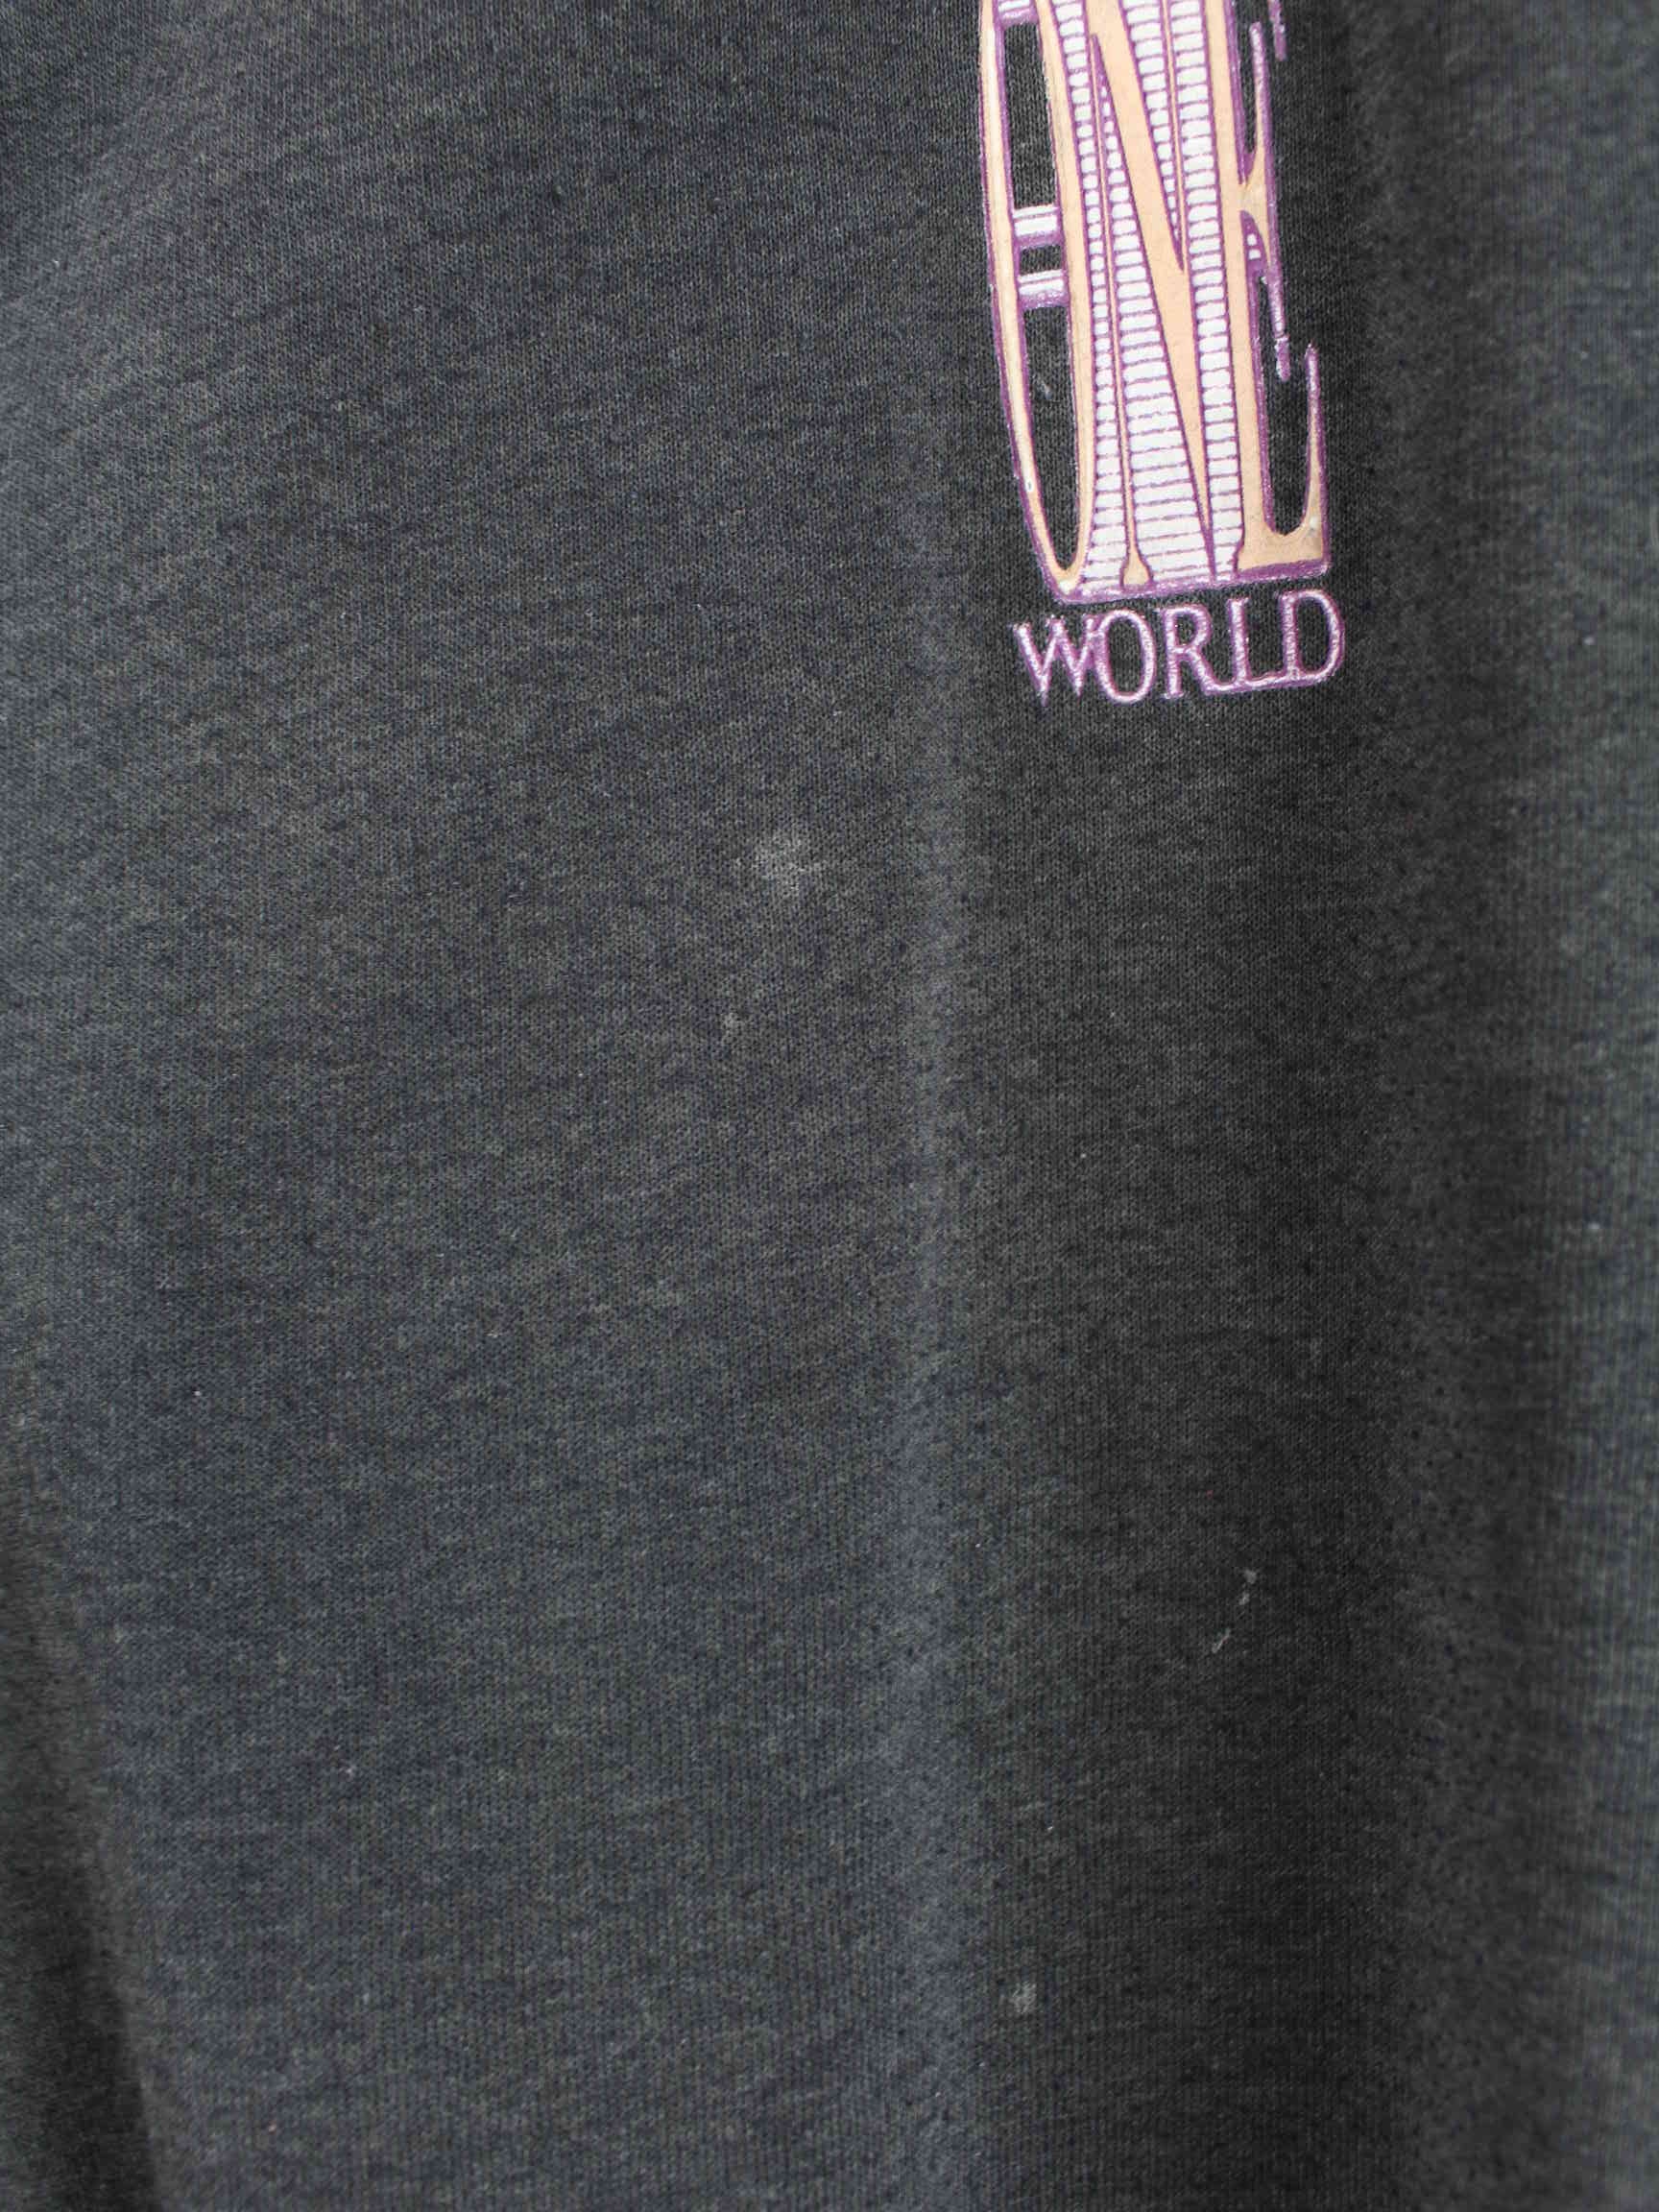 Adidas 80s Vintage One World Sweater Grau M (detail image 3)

...

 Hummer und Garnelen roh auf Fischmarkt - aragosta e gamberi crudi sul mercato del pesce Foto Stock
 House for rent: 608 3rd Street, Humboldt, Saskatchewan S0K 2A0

==

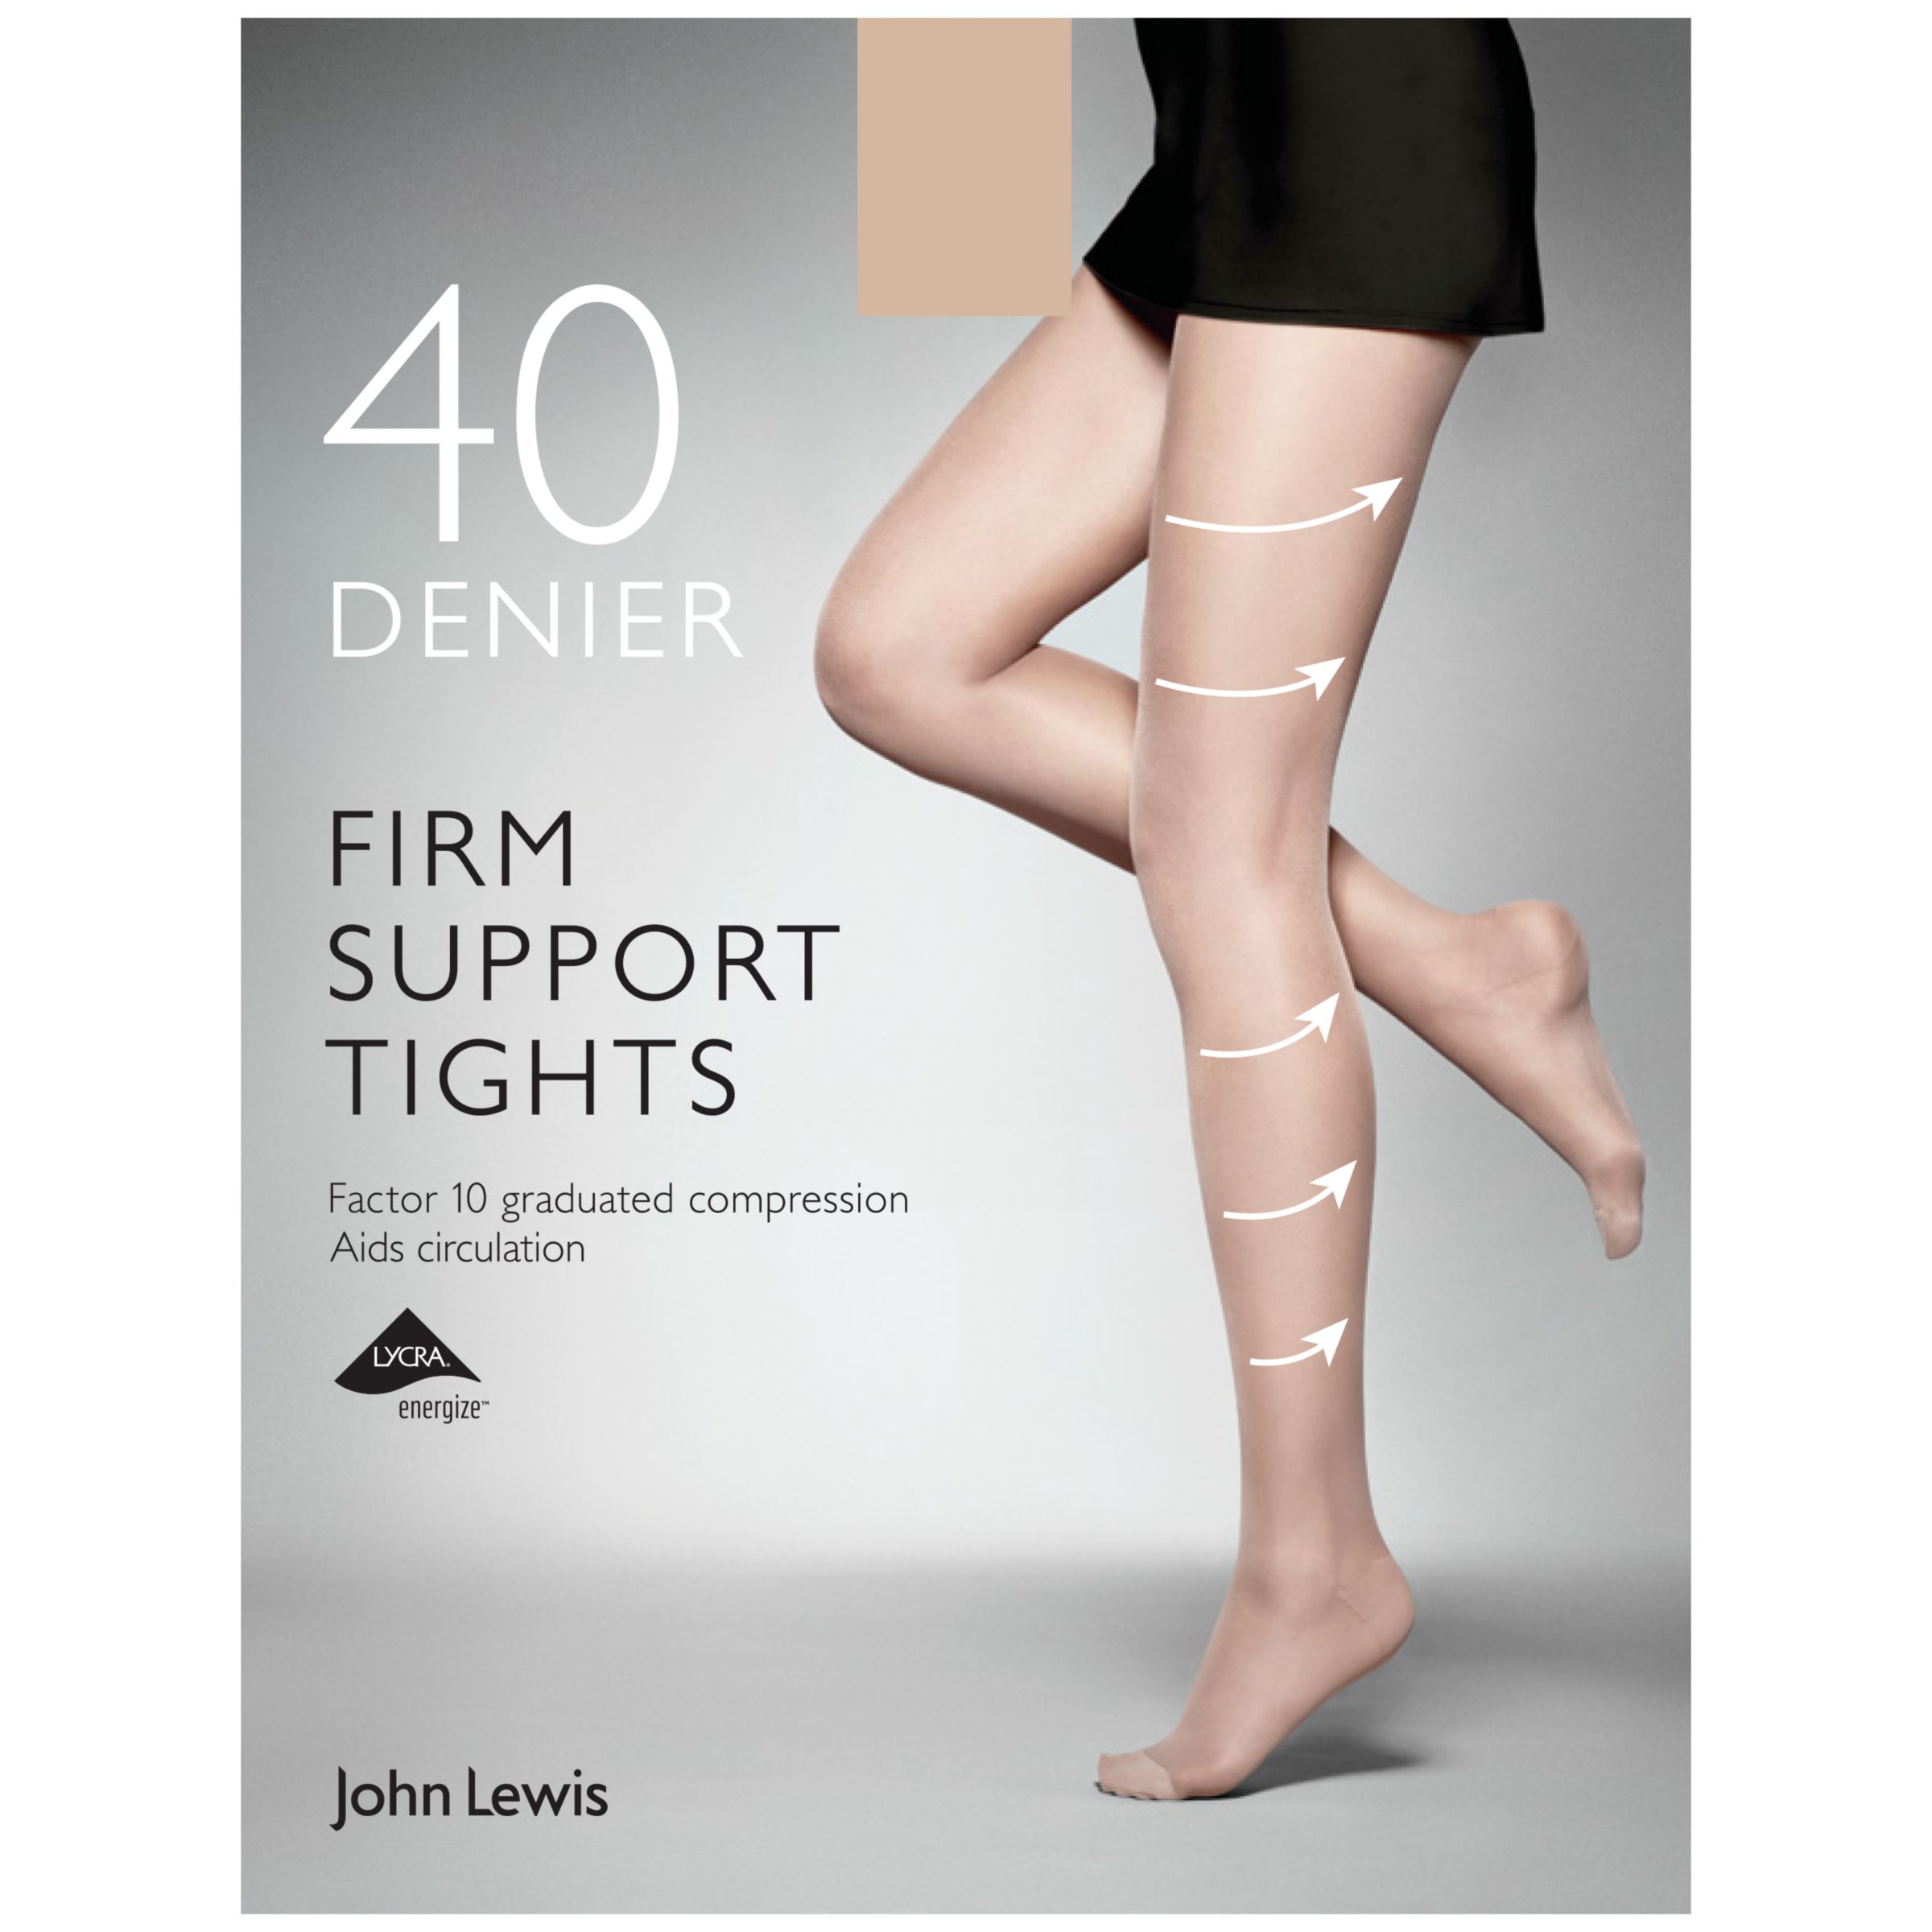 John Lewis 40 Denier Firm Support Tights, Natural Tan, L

### TASK REQUIREMENTS
All lines above from the one containing "Hummer und Garnelen" to the one containing "House for rent: 608" must be repeated exactly, both lines included, and no others.

### EXERCISE OUTPUT
 Hummer und Garnelen roh auf Fischmarkt - aragosta e gamberi crudi sul mercato del pesce Foto Stock
 House for rent: 608 3rd Street, Humboldt, Saskatchewan S0K 2A0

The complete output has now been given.